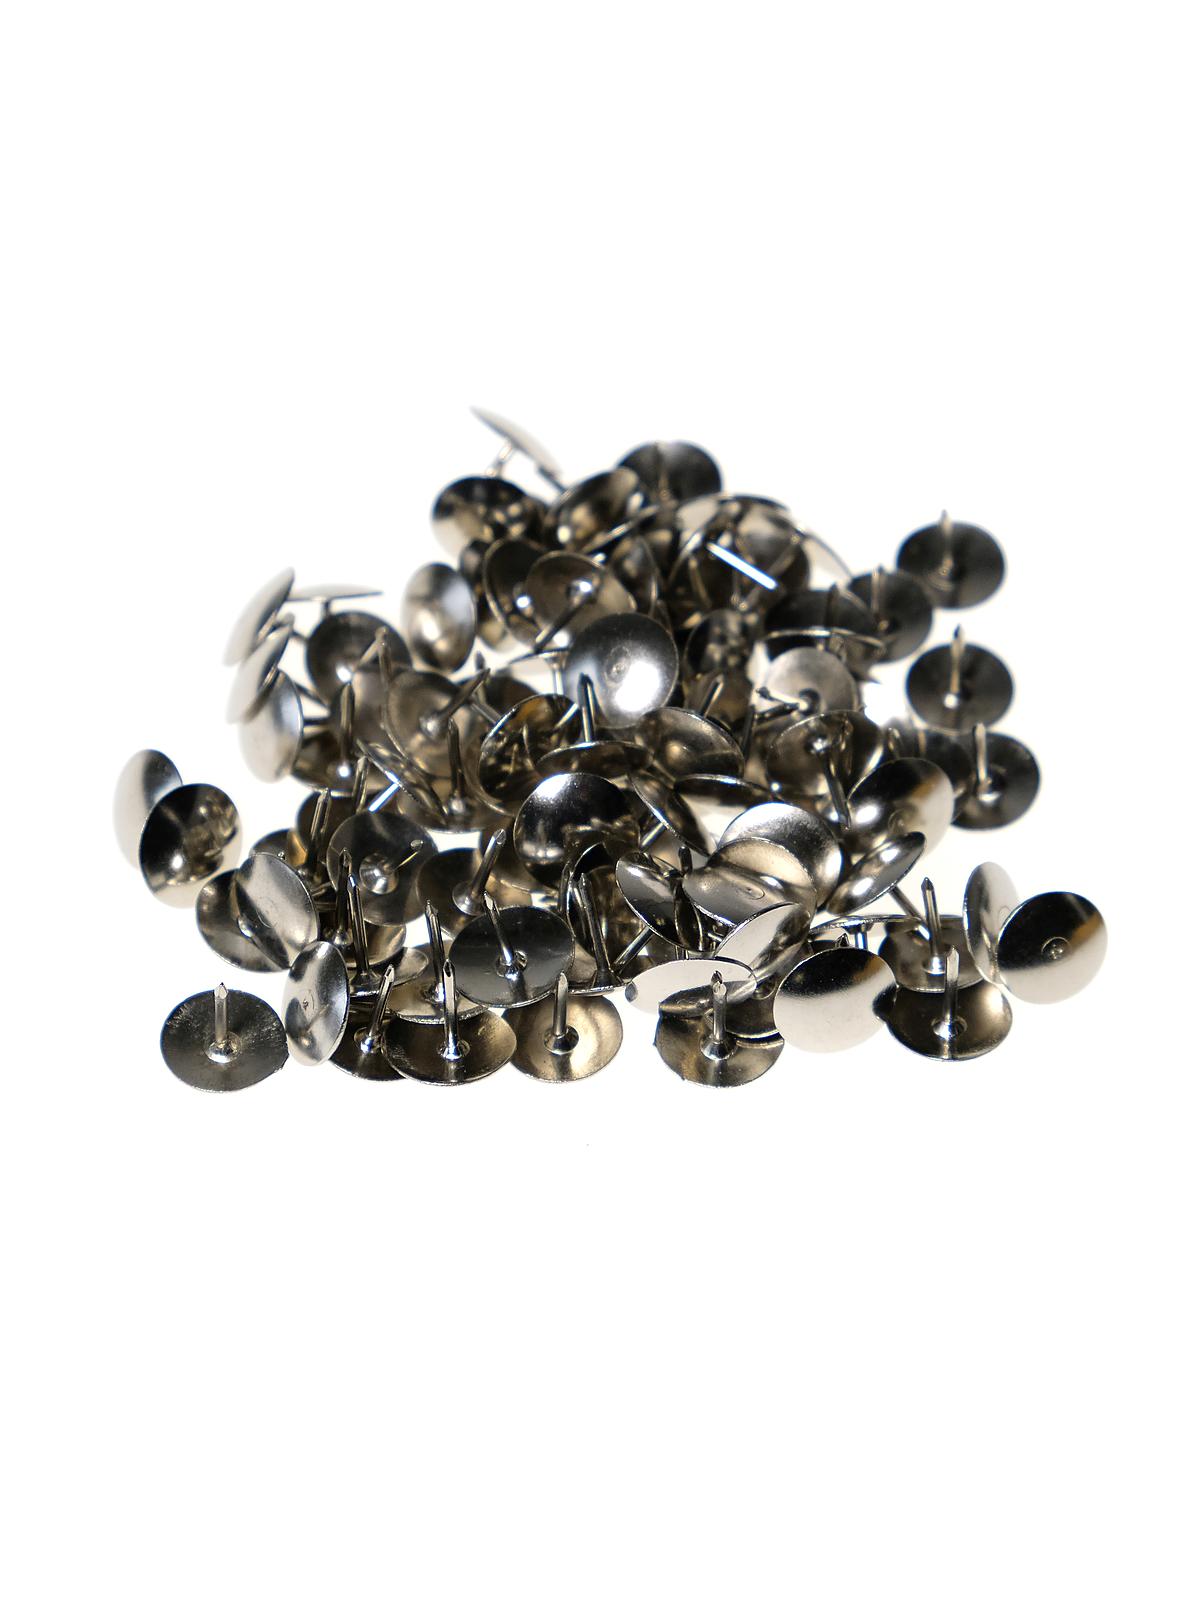 Thumb Tacks 1 2 In. Nickel Plated Pack Of 100
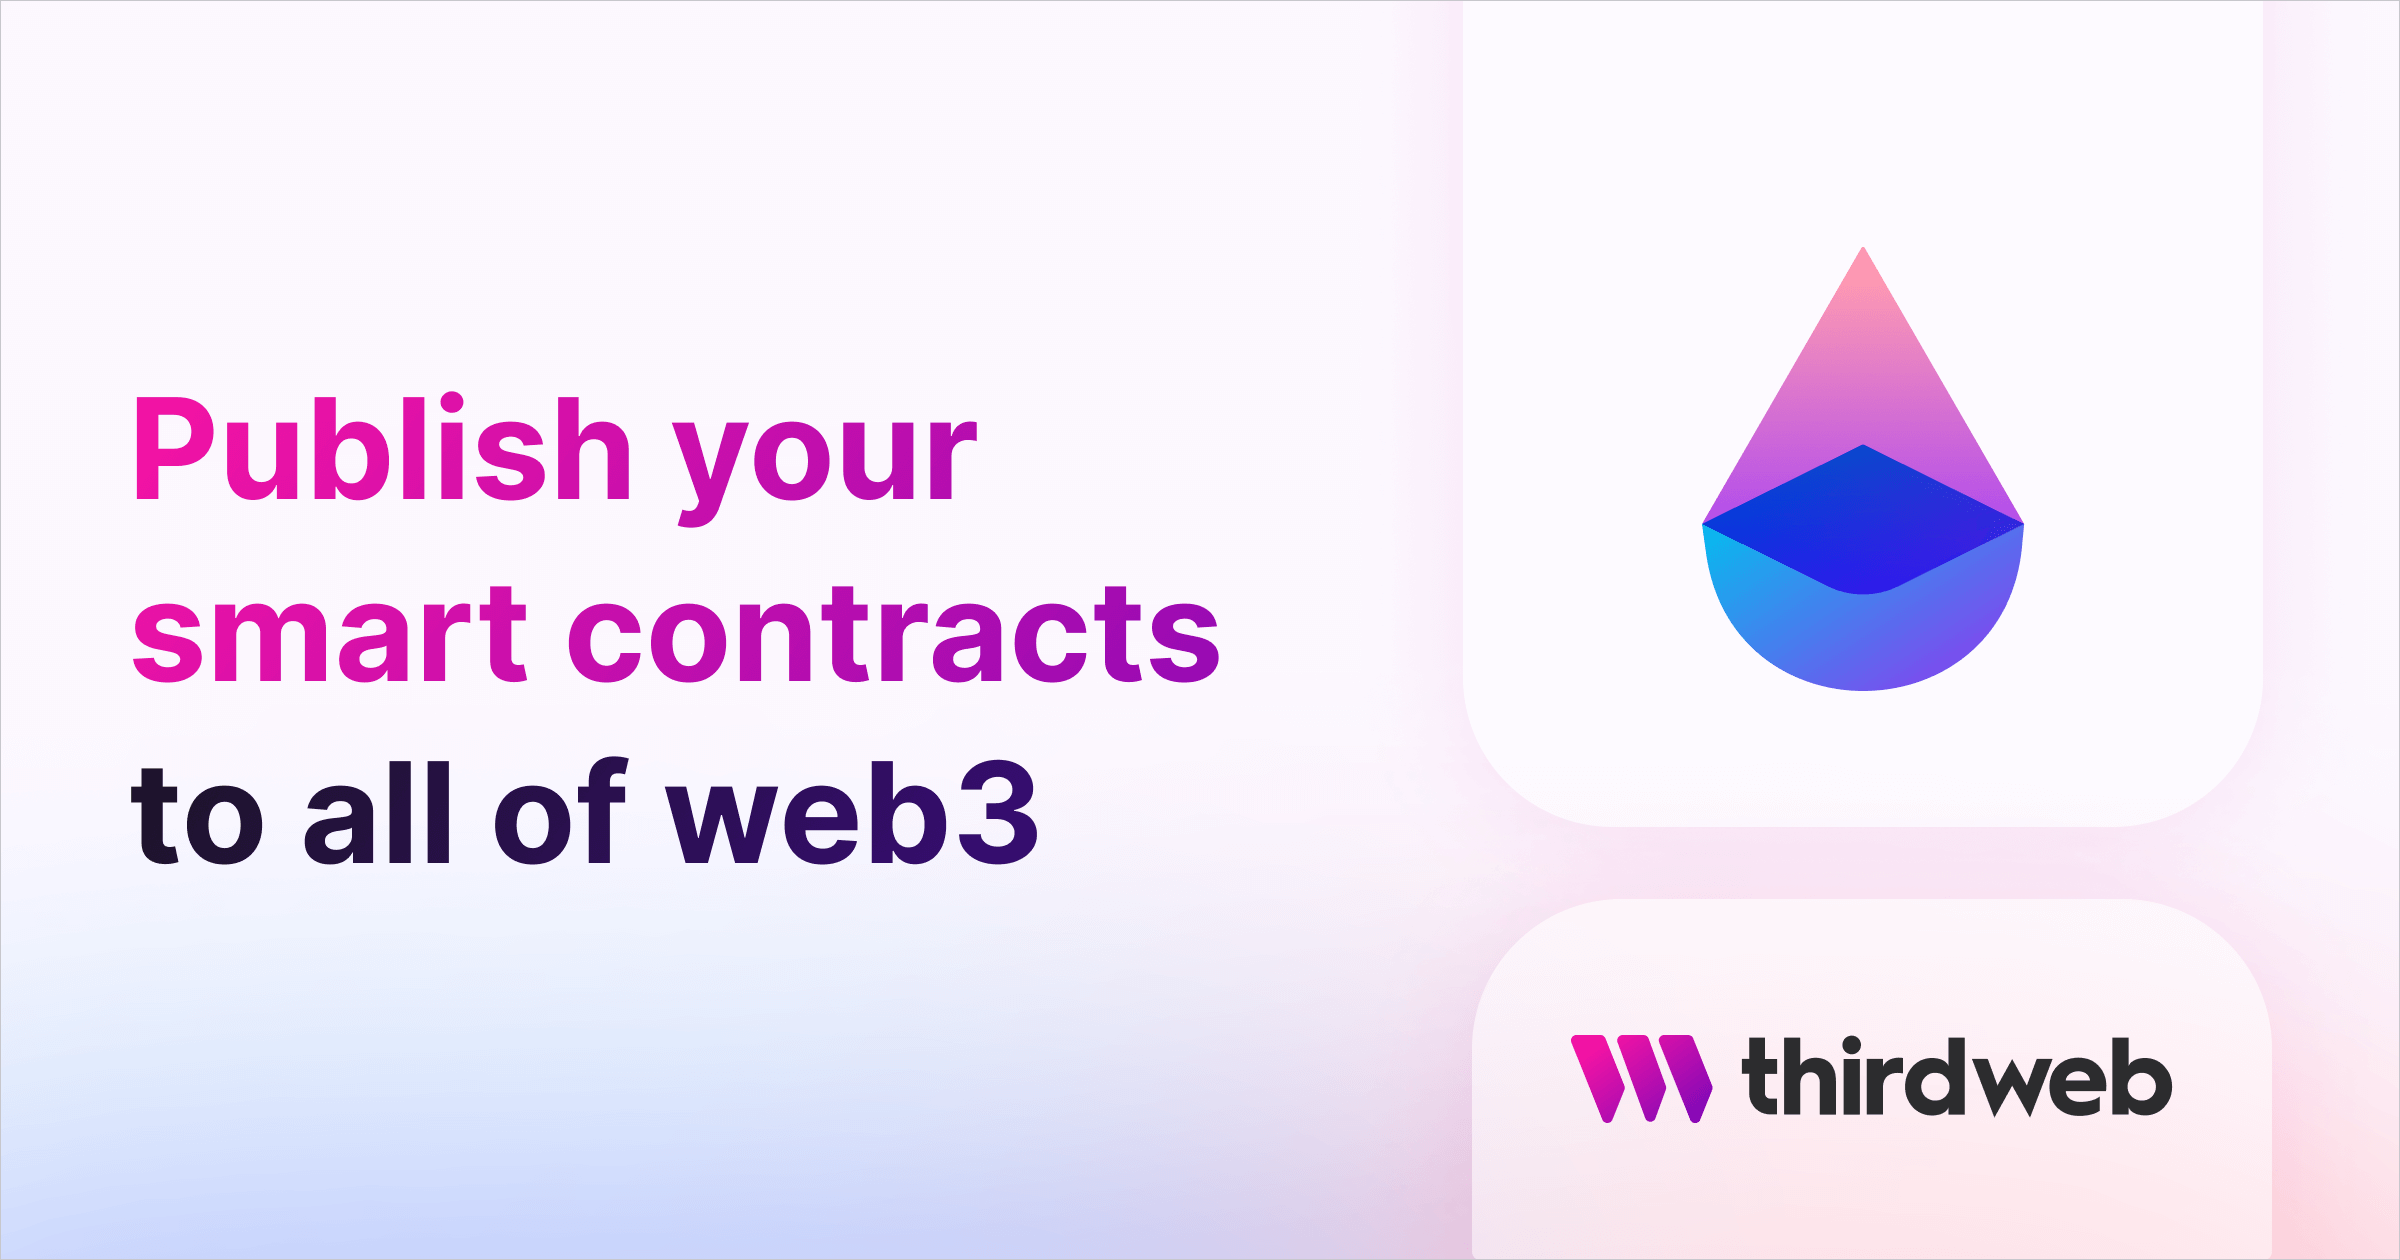 Share your smart contracts with thirdweb Publish
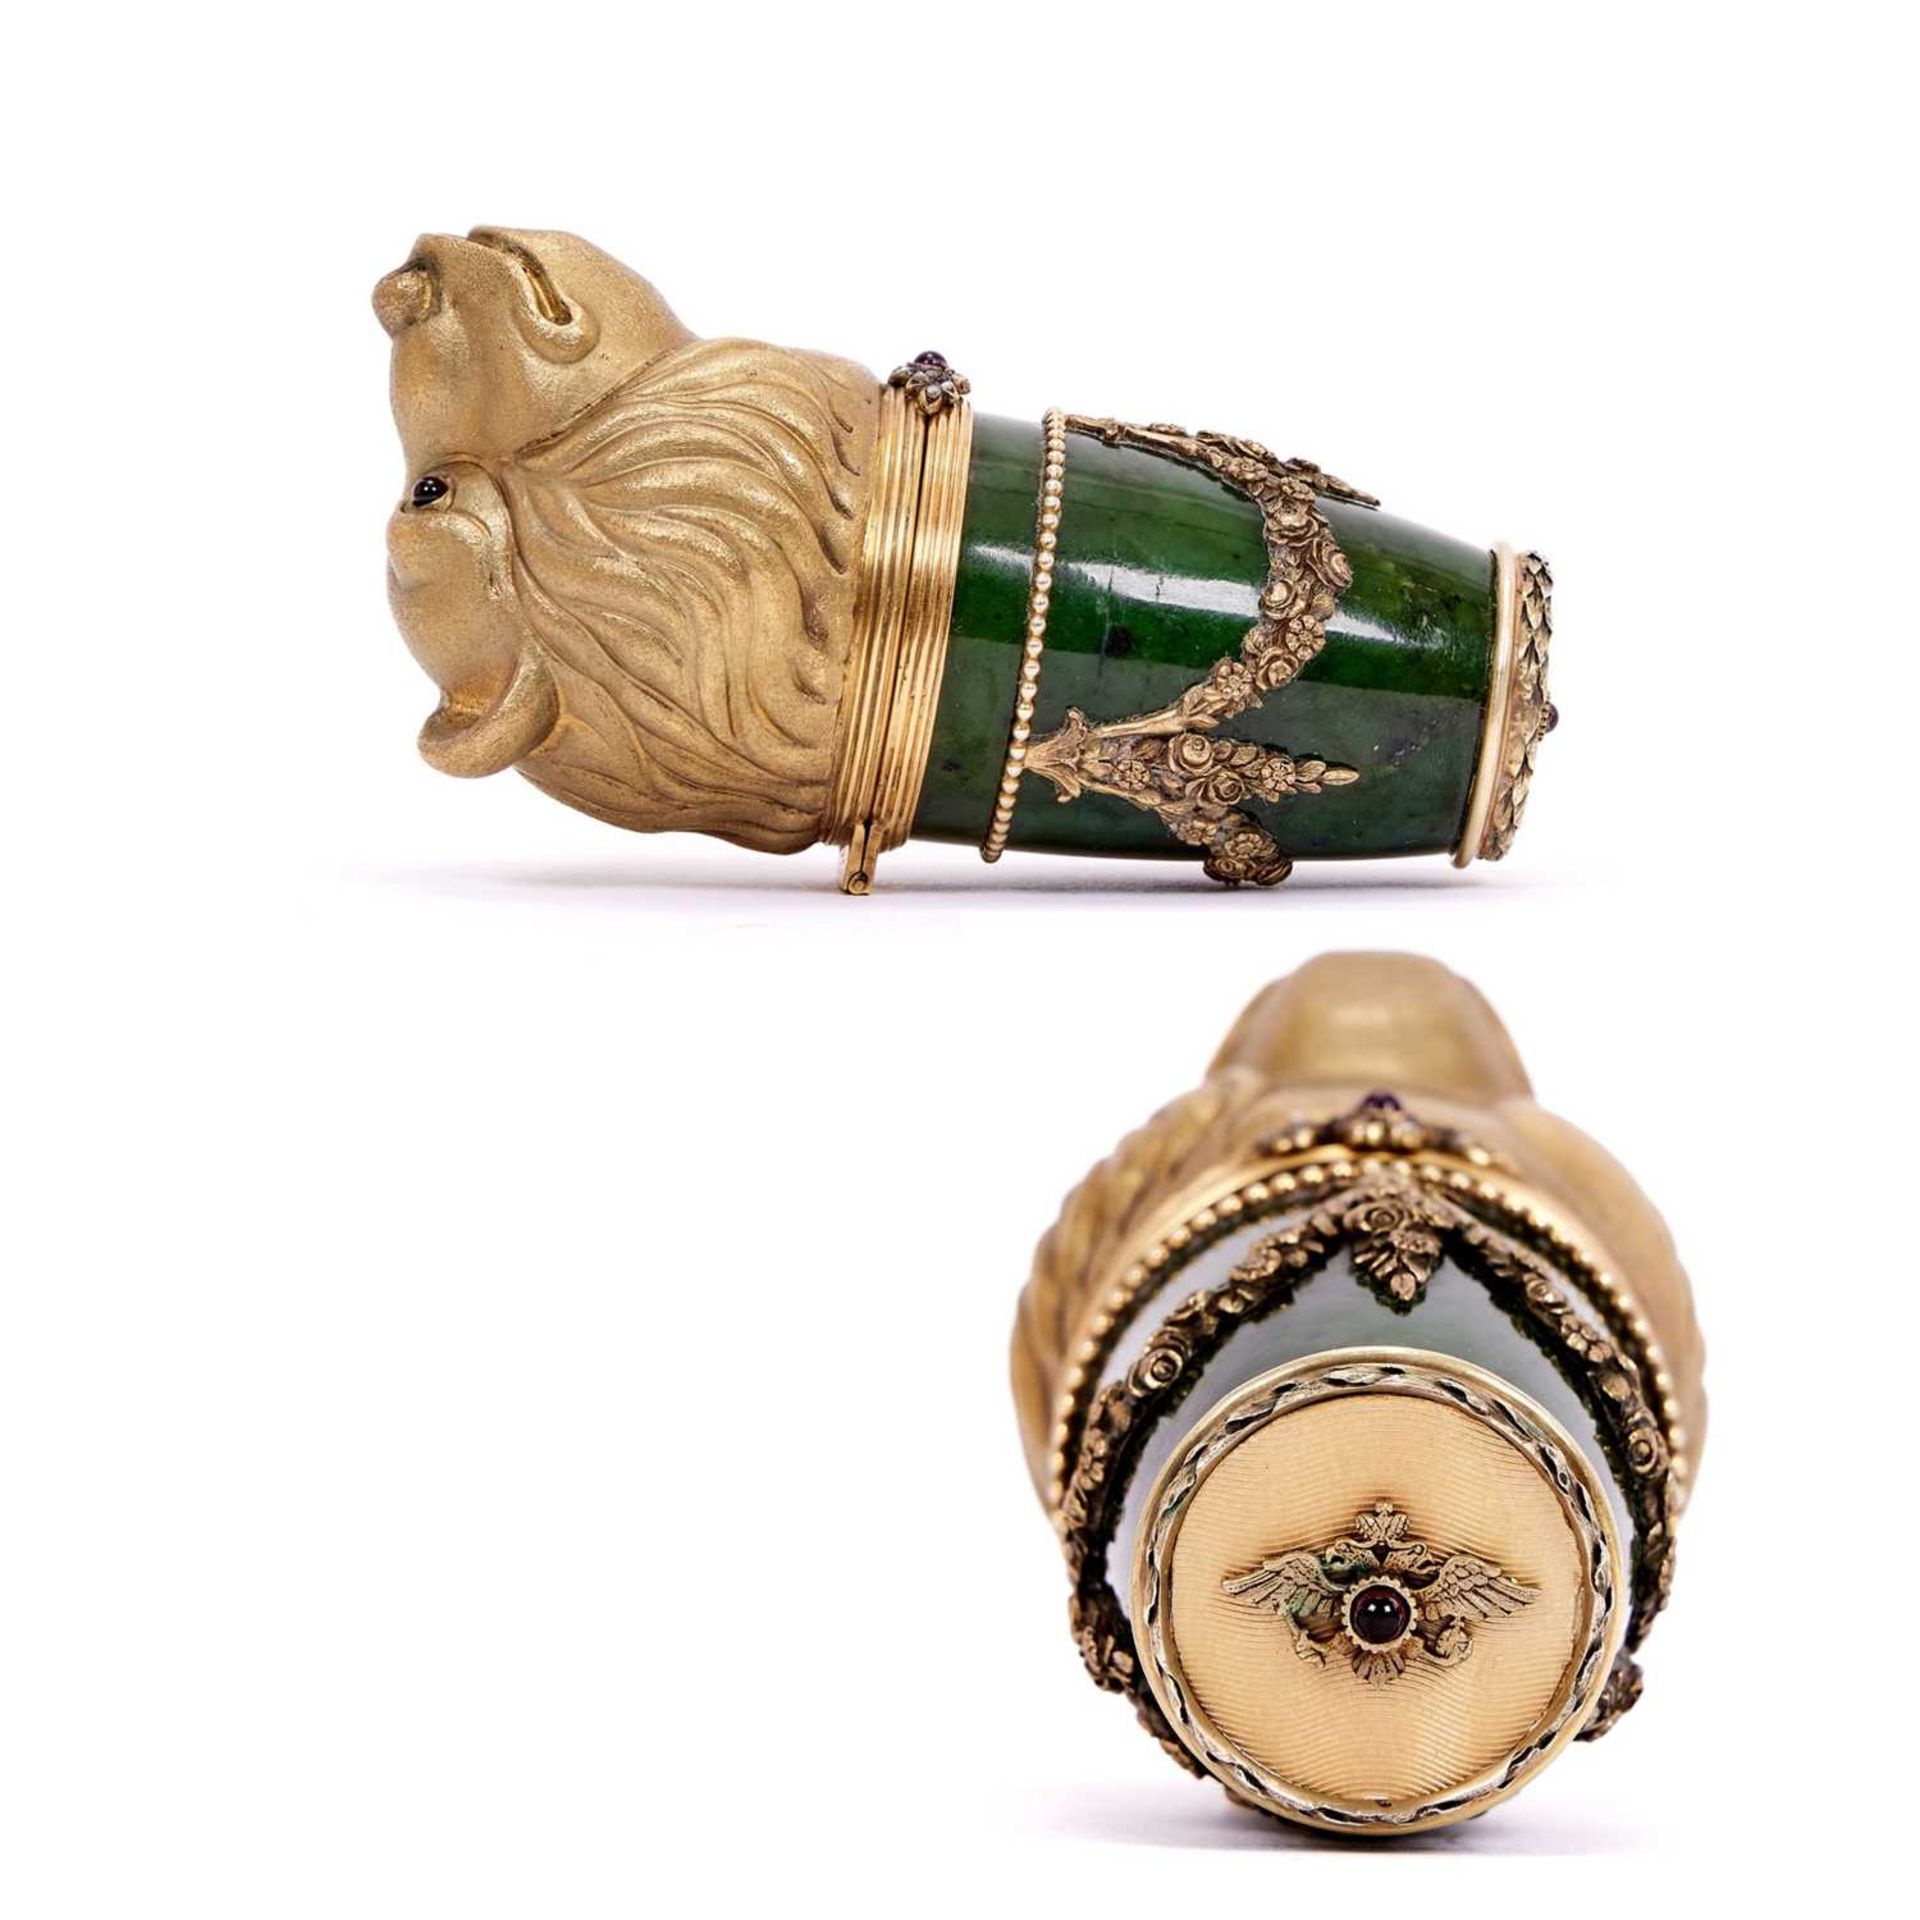 A FABERGE STYLE SILVER GILT, GEM SET AND NEPHRITE JADE BOX MODELLED WITH A BEAR

#### WORK REQUIRED:
Repeat the material exactly. Any picture in it should be dropped.

#### EXERCISE ANSWER:
 Thumb Tacks 1 2 In. Nickel Plated Pack Of 100
 Share your smart contracts with thirdweb Publish
 A FABERGE STYLE SILVER GILT, GEM SET AND NEPHRITE JADE BOX MODELLED WITH A BEAR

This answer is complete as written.